National champion (Poling System, Boand System) Eastern champion
- Conference: Independent

Ranking
- Coaches: No. 8
- AP: No. 6
- Record: 9–0
- Head coach: Charlie Caldwell (6th season);
- Offensive scheme: Unbalanced single-wing
- Captain: George A. Chandler
- Home stadium: Palmer Stadium

= 1950 Princeton Tigers football team =

American college football season

The 1950 Princeton Tigers football team represented Princeton University in National Collegiate Athletic Association (NCAA) intercollegiate competition during the 1950 season. The Tigers were led by sixth-year head coach Charlie Caldwell, a future College Football Hall of Fame inductee, who utilized an "unbalanced" version of the single-wing formation.
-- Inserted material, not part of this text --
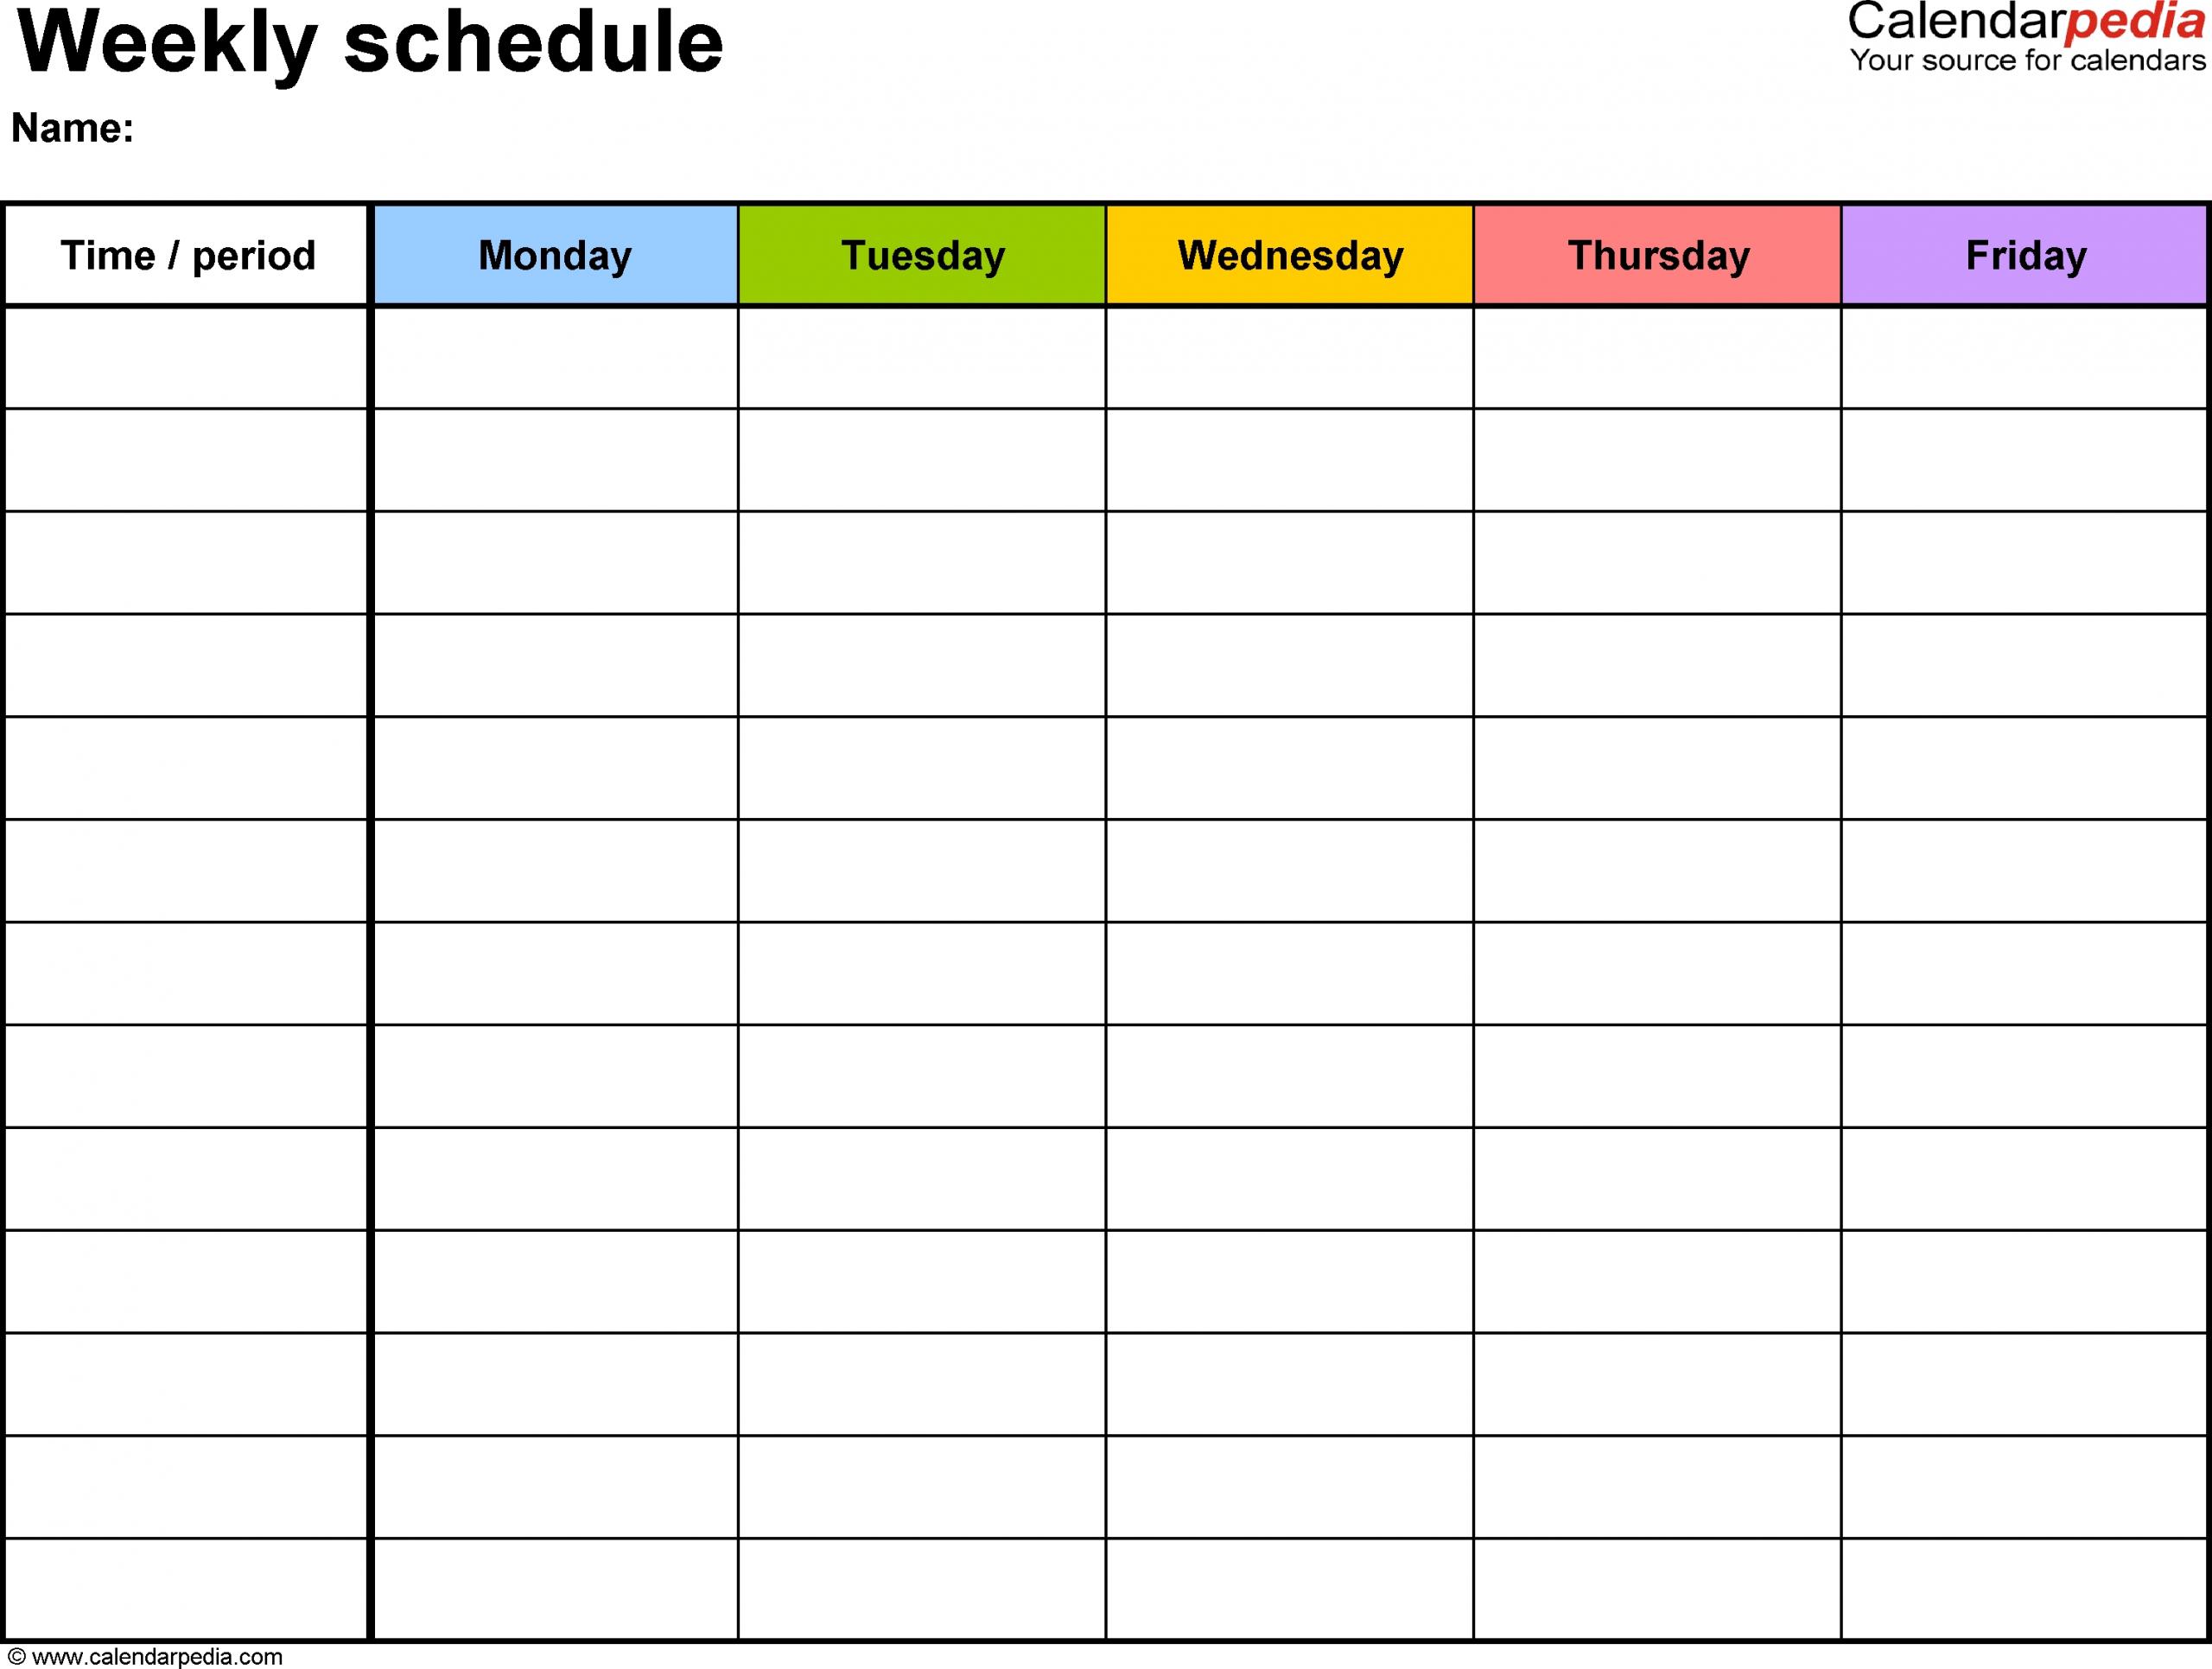 Get Weekly Schedule Template Editable

The Princeton offense, which made use of the buck-lateral series, was one of the last successful employers of the single-wing formation, which had been made obsolete by the modernized T formation. The team ranked second nationally in total offense (433.7 yards per game), rushing offense (325.4 yards per game), and rushing defense (67.9 yards per game).

Princeton finished with a perfect undefeated record of 9–0, and the Tigers outscored their opponents 349–94. Against other future Ivy League teams, Princeton compiled a 5–0 record.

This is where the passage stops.